* [WORK ORDER]
Nothing but the lines below from the one with "HENRYETTA BEACH DRESS" through the one with "Jiangsu CS Modular House Co., Ltd." should be output, each exactly as given, and no pictures.

* [DATA SECTION]

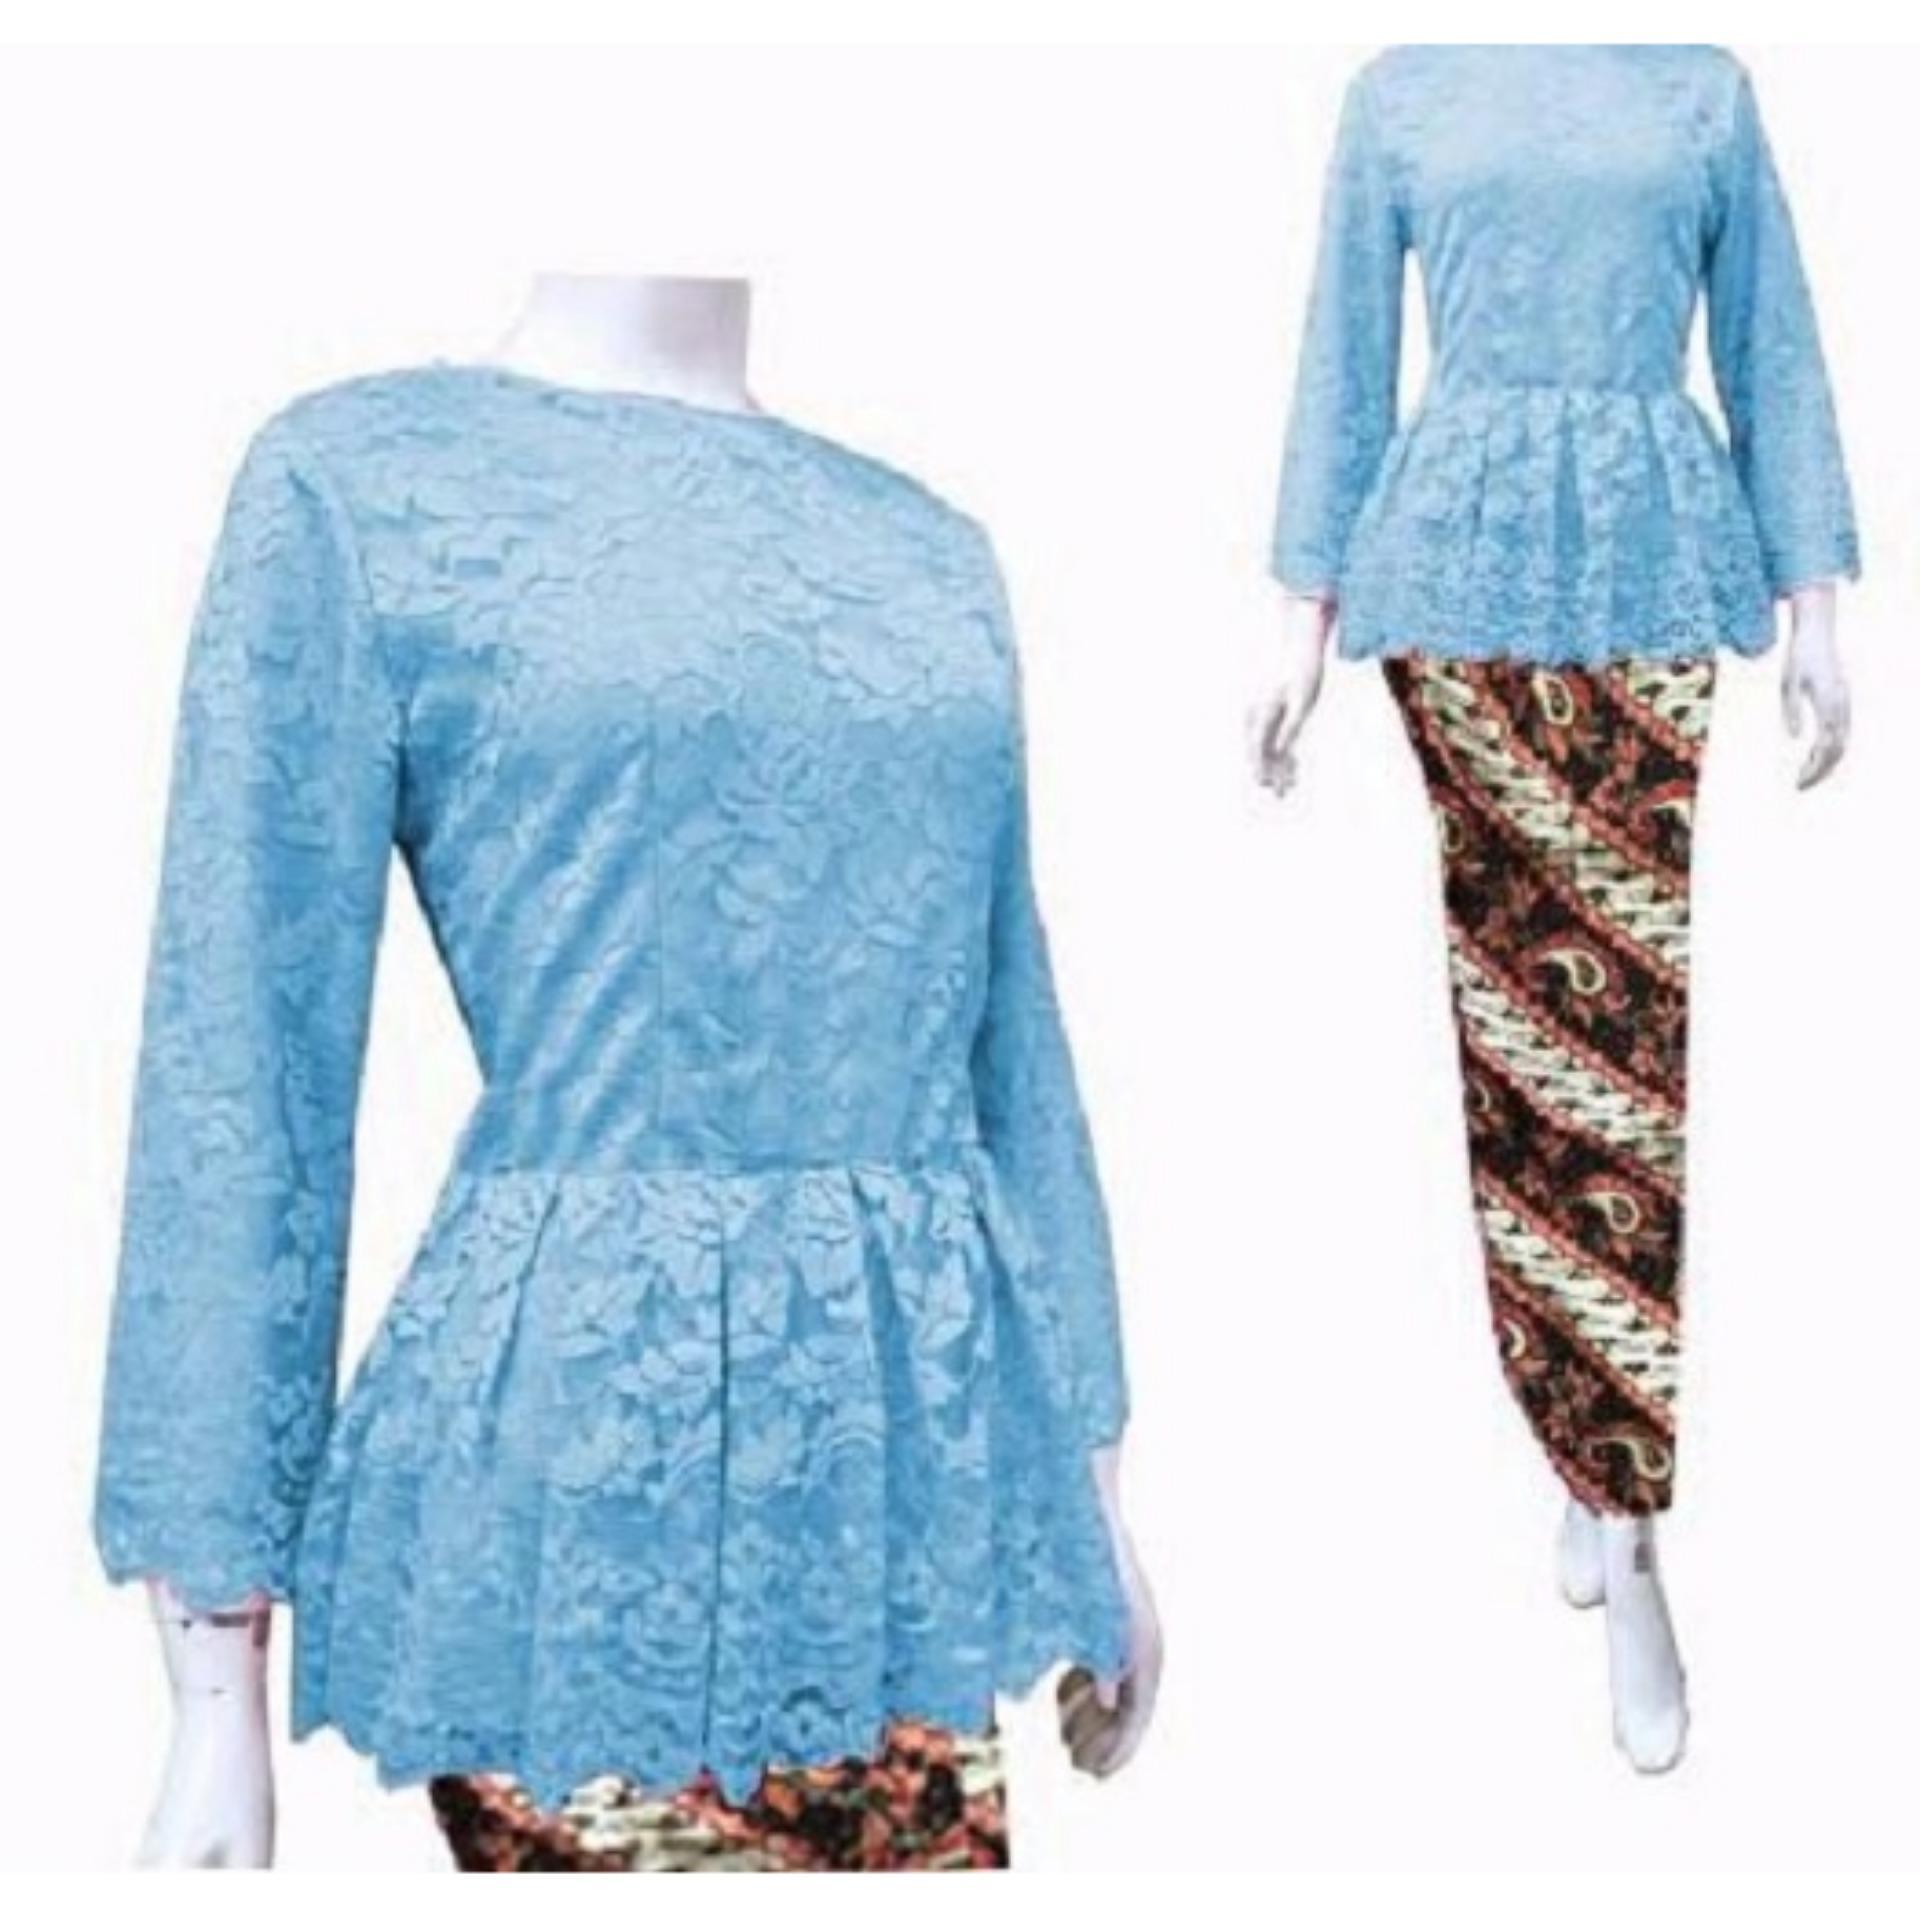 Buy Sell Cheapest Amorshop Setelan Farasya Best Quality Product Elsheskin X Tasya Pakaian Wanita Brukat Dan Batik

--

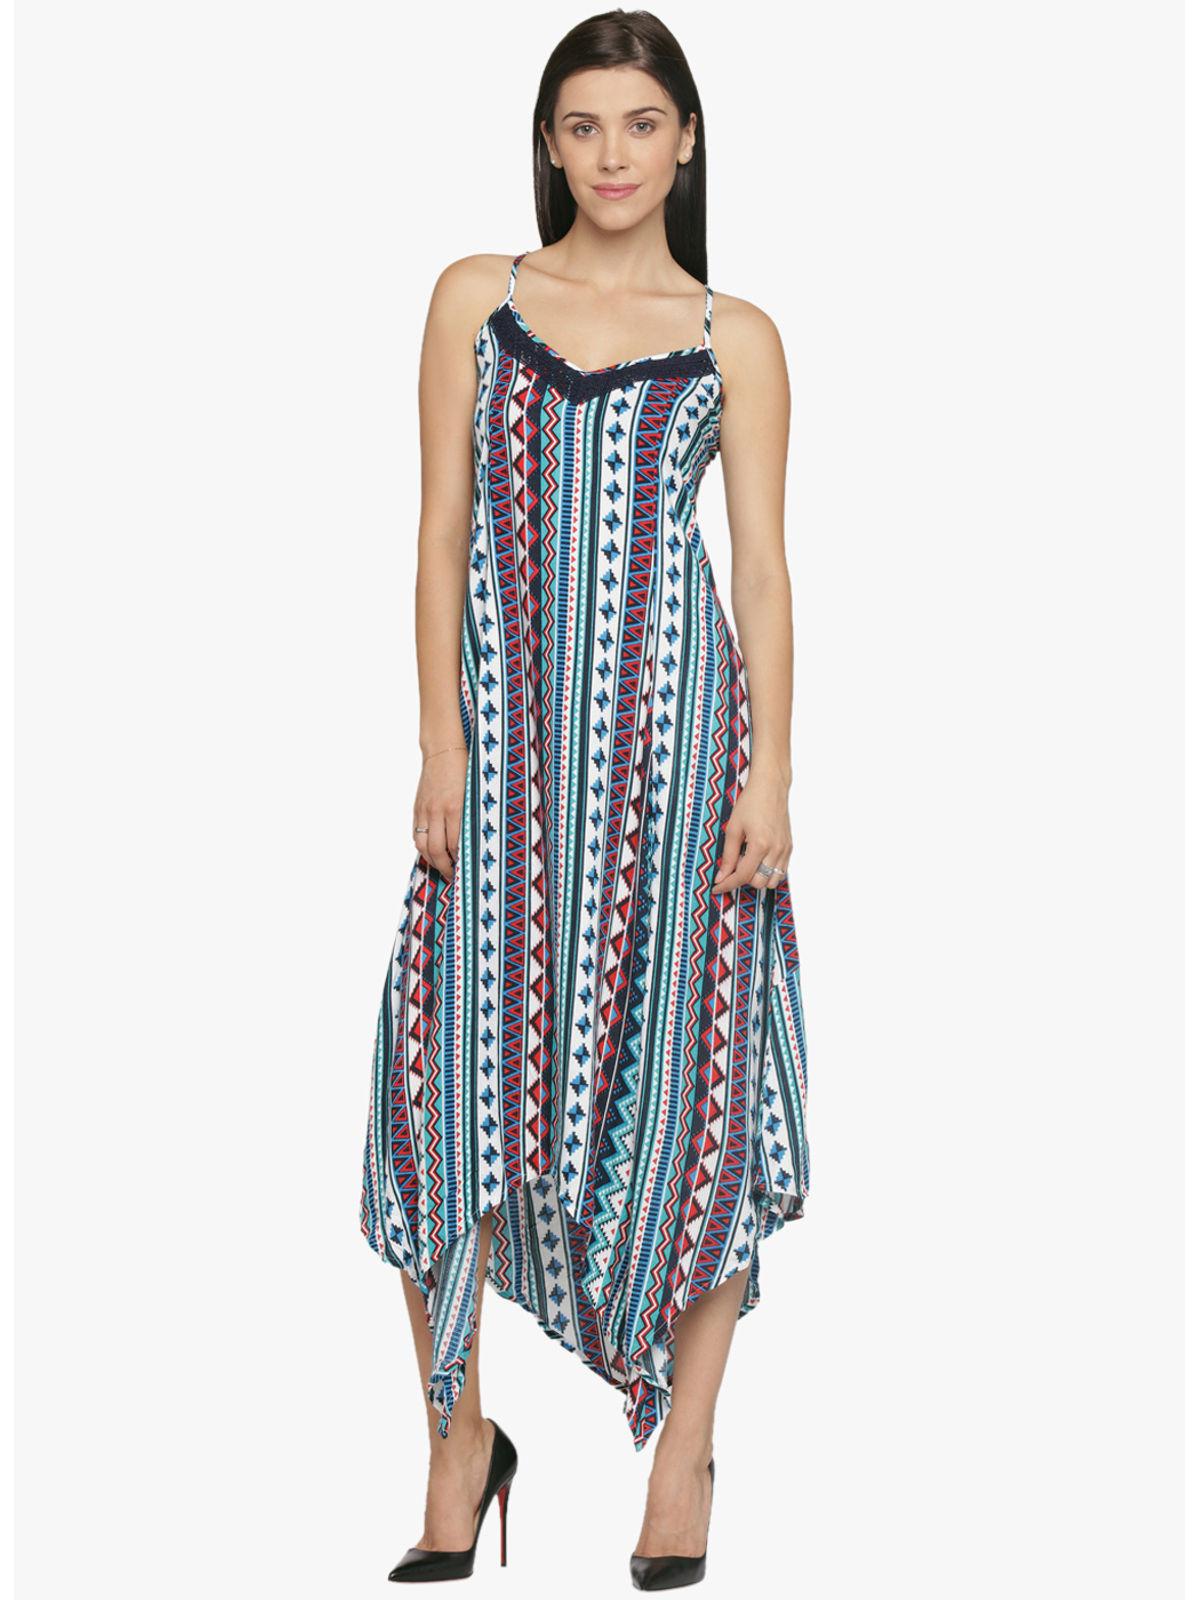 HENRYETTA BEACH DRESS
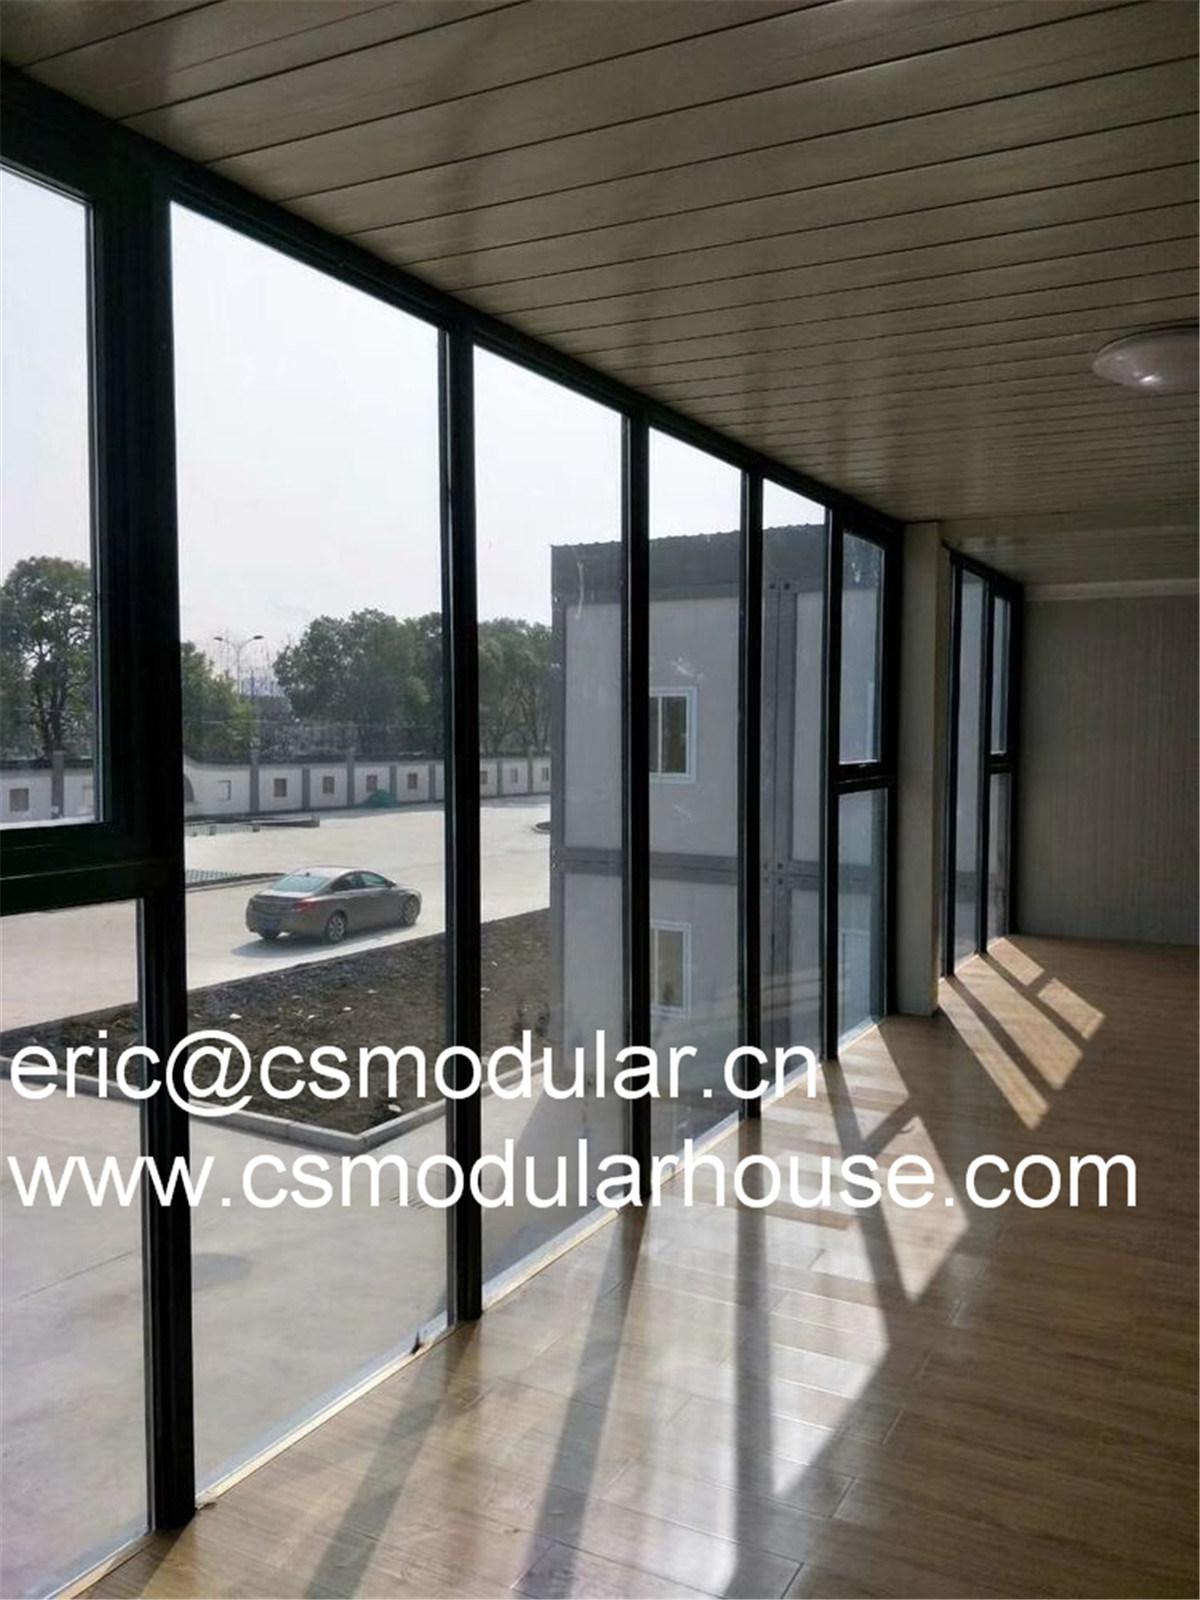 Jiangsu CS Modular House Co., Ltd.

* [EXERCISE OUTPUT]
 HENRYETTA BEACH DRESS
 Jiangsu CS Modular House Co., Ltd.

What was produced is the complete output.